Simulated Author's Rebuttal

3 responses · 1 unresolved

We thank the referee for the constructive and detailed feedback on our manuscript. We address each major comment point by point below, providing clarifications and indicating the revisions we will implement to address the concerns raised.

read point-by-point responses

Referee: [§3] §3 (Method), fused-modality contrastive term: The central claim that this term captures XOR-like higher-order dependencies unrecoverable by pairwise alignment alone is load-bearing. The abstract and high-level description state that the term 'encourages the joint embedding of modality pairs with a third modality,' but without an explicit equation for the fusion operator (concatenation, element-wise product, attention, etc.) and the resulting loss, it is unclear whether the composite objective introduces non-pairwise statistics or simply reweights existing pairwise signals. A concrete derivation or proof sketch showing that the fused term induces irreducible triple-wise mutual information would be required.

Authors: We concur that the method section would benefit from more explicit mathematical details. In the revised manuscript, we will add the precise definition of the fusion operator, which involves concatenating the embeddings of the modality pair and applying a linear projection to obtain the fused representation, along with the complete formulation of the fused-modality contrastive loss. We will also include a short illustrative derivation demonstrating that the fused term can encode joint dependencies not captured by pairwise terms in the context of the XOR example. However, a general proof of inducing irreducible triple-wise mutual information is a deeper theoretical issue that we will note as a direction for future work rather than claim to fully resolve here. revision: partial
Referee: [§4.1] §4.1 (Synthetic experiments), XOR-like dependency tests: The paper asserts that ConFu captures higher-order relations 'that cannot be recovered through pairwise alignment alone.' However, if the fusion operator is linear or element-wise, any observed gain on synthetic XOR tasks could be an artifact of the particular fusion chosen rather than a property of the contrastive objective. An ablation replacing the fused term with an equivalent sum of pairwise terms (or reporting the effective rank of the interaction) is needed to substantiate the claim.

Authors: This is a valuable suggestion to bolster the empirical support for our claims. We will incorporate an ablation experiment in the updated version of the paper. Specifically, we will compare ConFu against a variant where the fused term is substituted by an additional sum of pairwise contrastive losses, and report the results on the synthetic XOR dependency tests to show that the performance improvement is attributable to the fused objective rather than just increased pairwise signals. revision: yes
Referee: [§4.2] §4.2–4.3 (Real-world benchmarks), scaling with multimodal complexity: The evaluation claims ConFu scales with increasing numbers of modalities and supports two-to-one retrieval. It is unclear whether the reported gains on retrieval and classification hold after controlling for the total number of contrastive pairs or the effective batch size introduced by the fused term. A controlled comparison that matches the number of negative samples across baselines would strengthen the scaling claim.

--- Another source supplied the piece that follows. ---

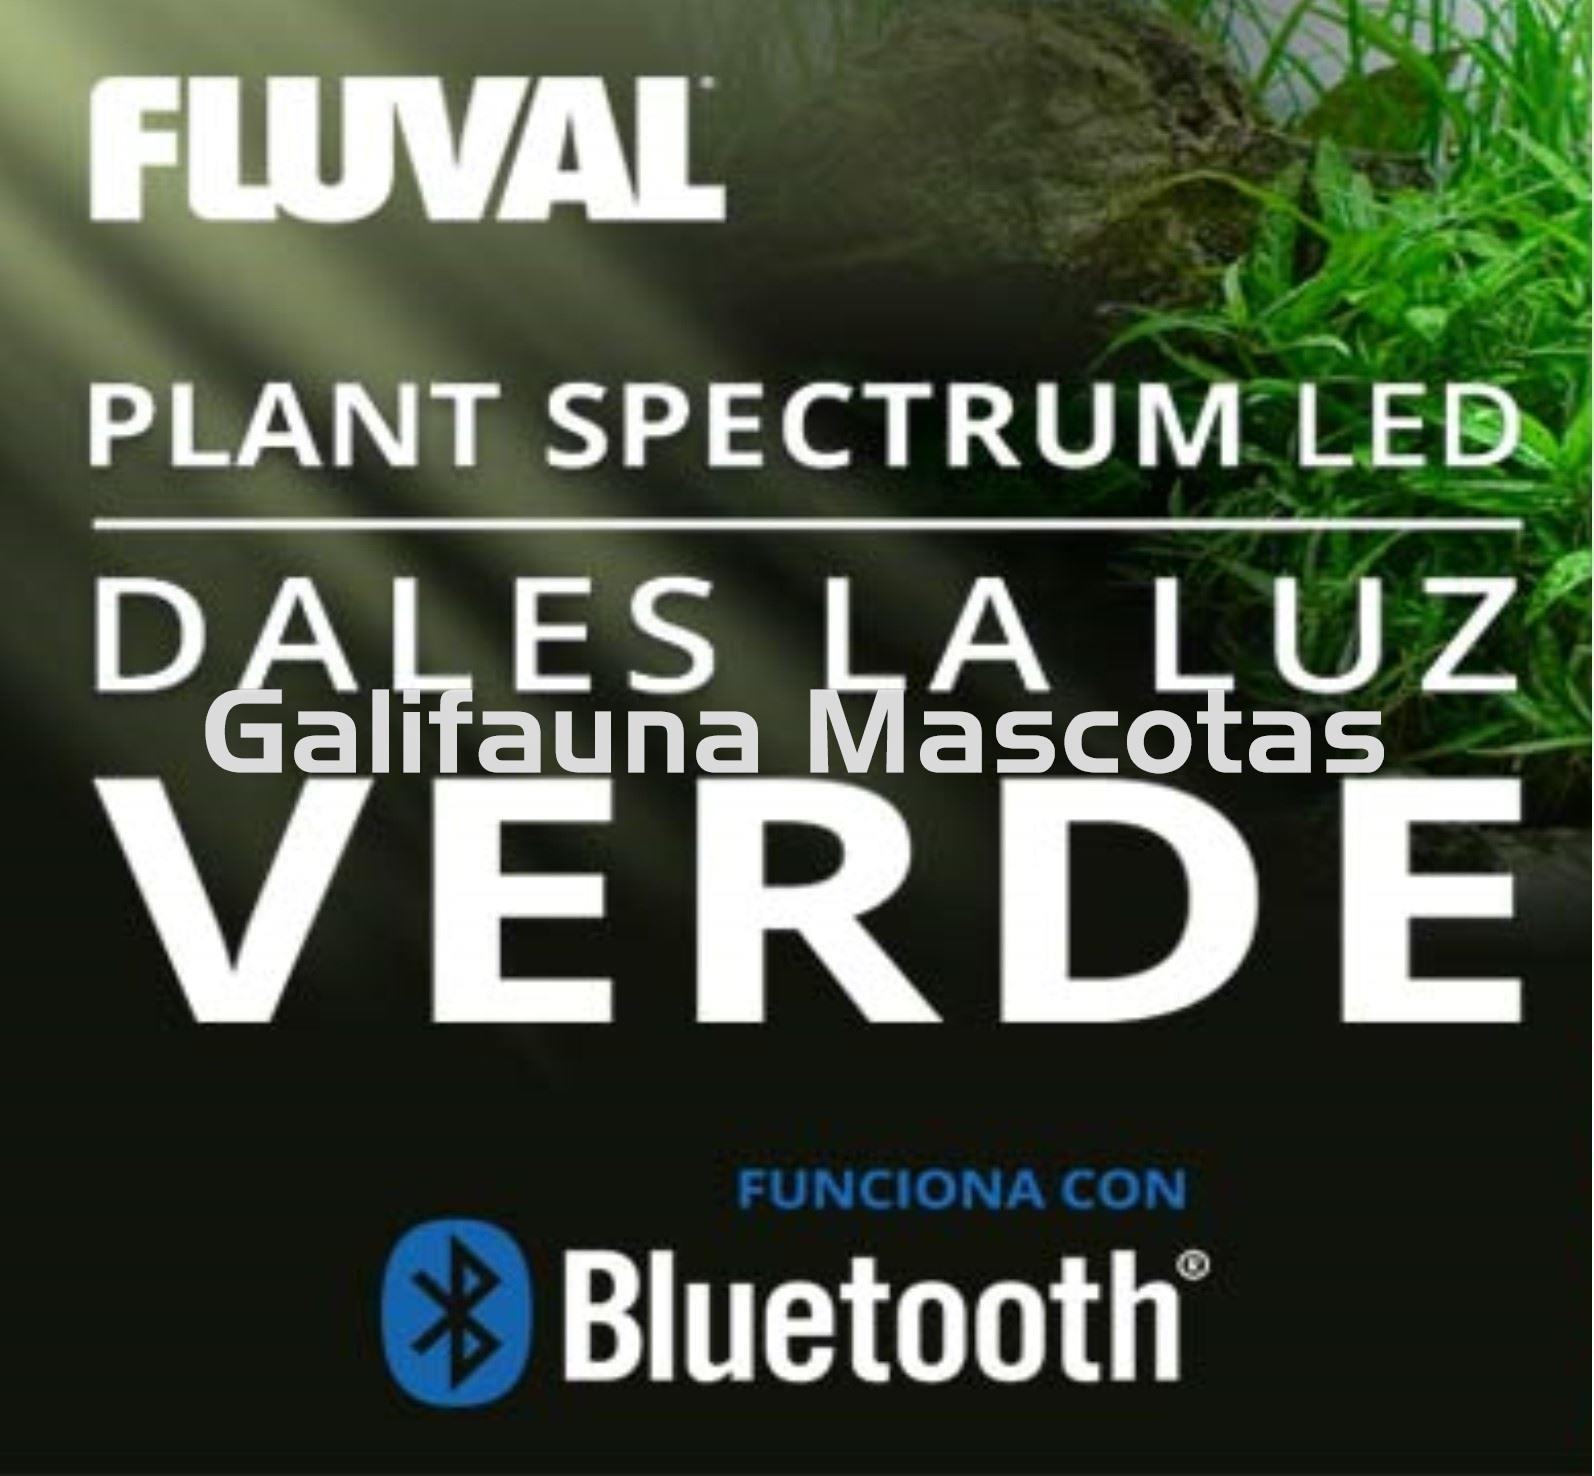 PANTALLA LED BLUETOOTH FLUVAL PLANT SPECTRUM 3. Especial plantación. APP Fluval. Brazos extensibles. - Imagen 2

Authors: We agree that ensuring fair comparison in terms of computational resources is important. In the revised manuscript, we will add a set of controlled experiments where the total number of negative samples is matched between ConFu and the baseline methods by appropriately scaling the batch sizes or the number of negatives sampled. This will allow us to confirm that the observed gains in retrieval and classification tasks are not solely due to the additional contrastive pairs introduced by the fused term. revision: yes

standing simulated objections not resolved

A complete theoretical derivation proving that the fused-modality contrastive term induces irreducible triple-wise mutual information that cannot be recovered from pairwise terms.

Circularity Check

0 steps flagged

No significant circularity detected

full rationale

The paper defines ConFu as an explicit extension of standard pairwise contrastive losses by adding a fused-modality term, then evaluates the resulting model on synthetic and real benchmarks. No step in the provided abstract or described framework reduces a claimed higher-order capability to a quantity fitted from the same evaluation data, nor does any load-bearing premise rest on a self-citation chain that itself lacks independent verification. The derivation remains self-contained: the loss is stated, the fusion is introduced as part of the method, and performance is measured externally.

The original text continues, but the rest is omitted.